» **Dataset excerpt**:
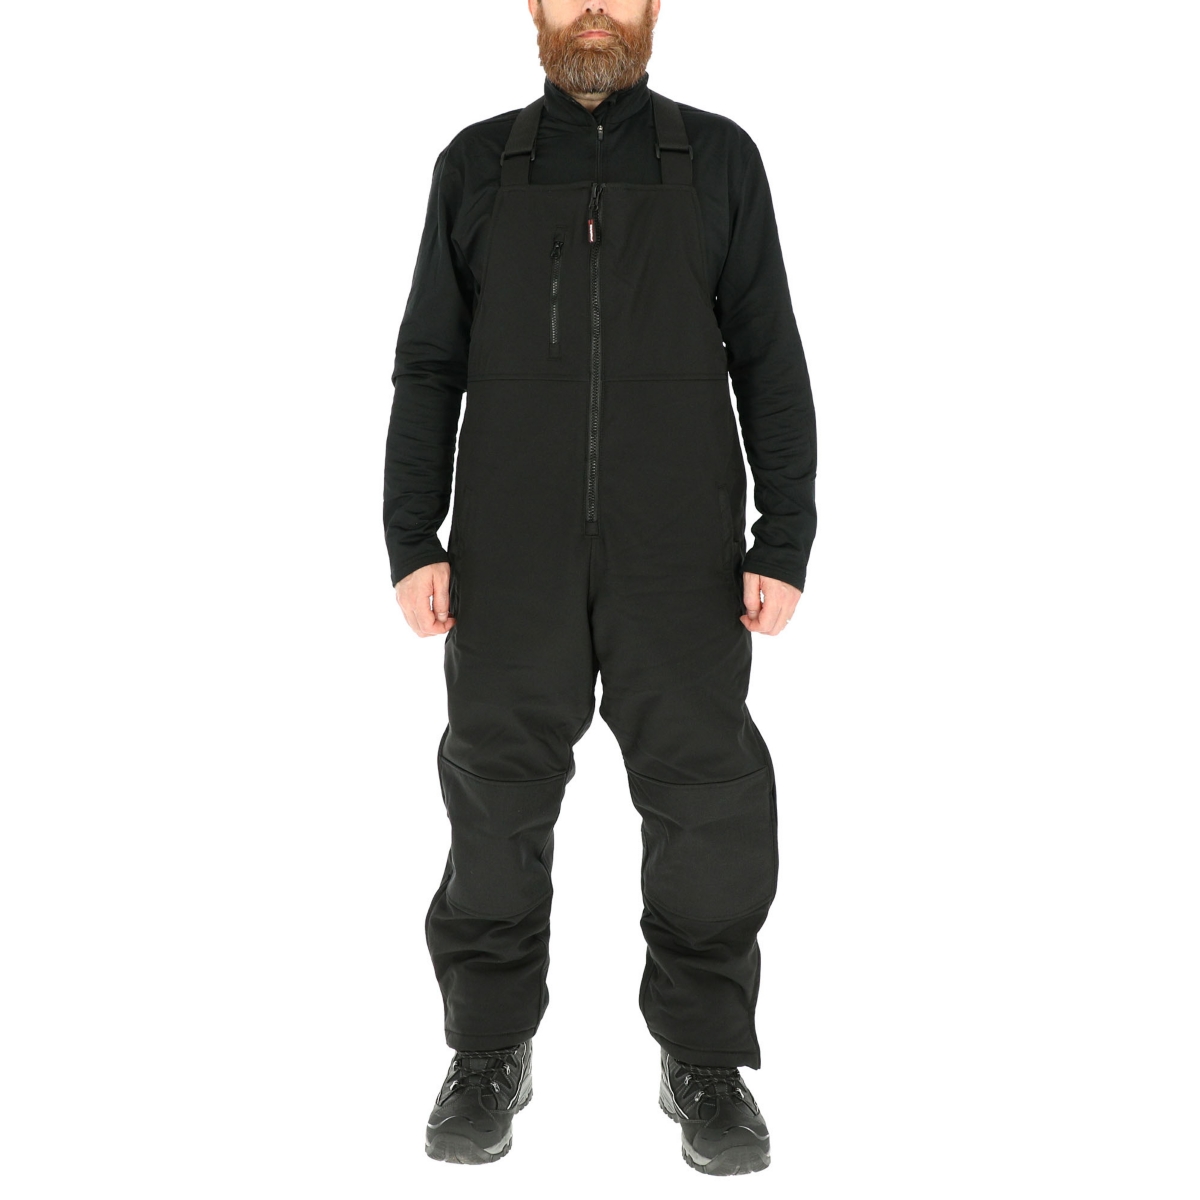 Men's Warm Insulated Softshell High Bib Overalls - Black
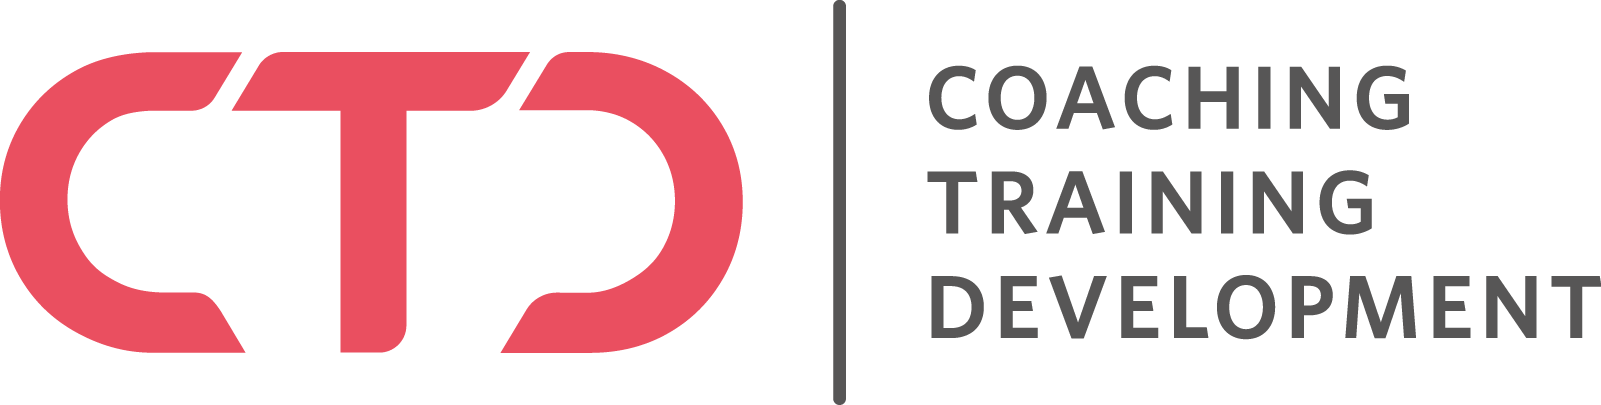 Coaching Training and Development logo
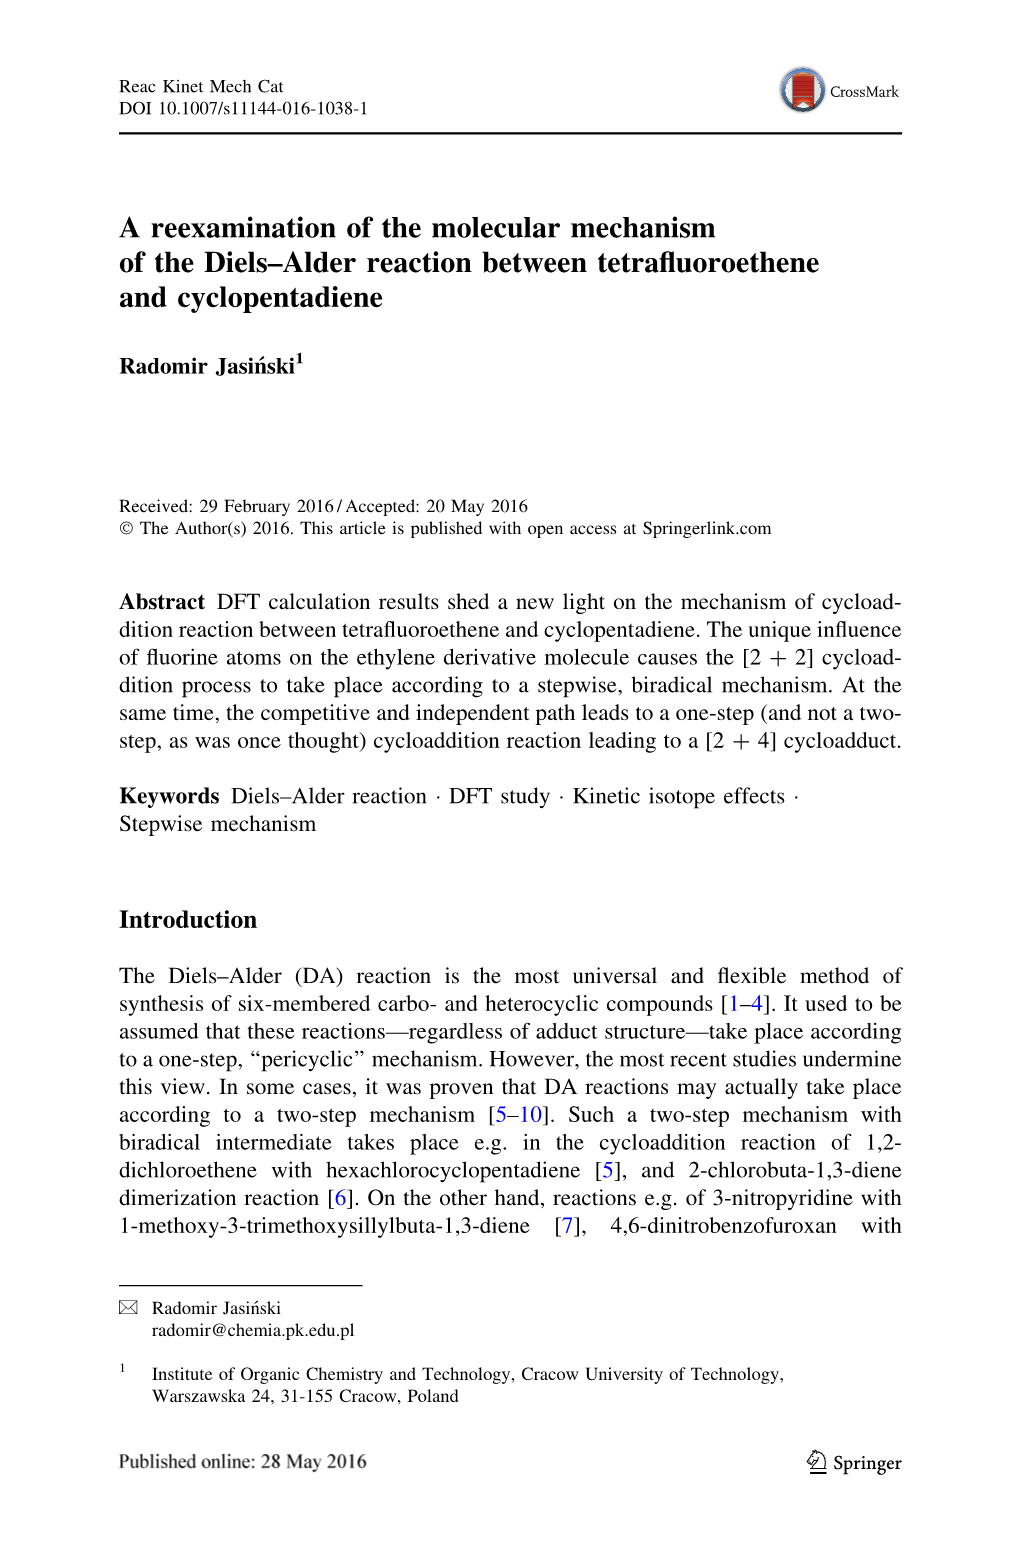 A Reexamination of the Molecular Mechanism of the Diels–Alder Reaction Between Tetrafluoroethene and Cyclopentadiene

» **Your task**:
For this exercise, retype the listing above word for word and omit the pictures.

» **Reply**:
 Men's Warm Insulated Softshell High Bib Overalls - Black
 Coaching Training and Development logo
 A Reexamination of the Molecular Mechanism of the Diels–Alder Reaction Between Tetrafluoroethene and Cyclopentadiene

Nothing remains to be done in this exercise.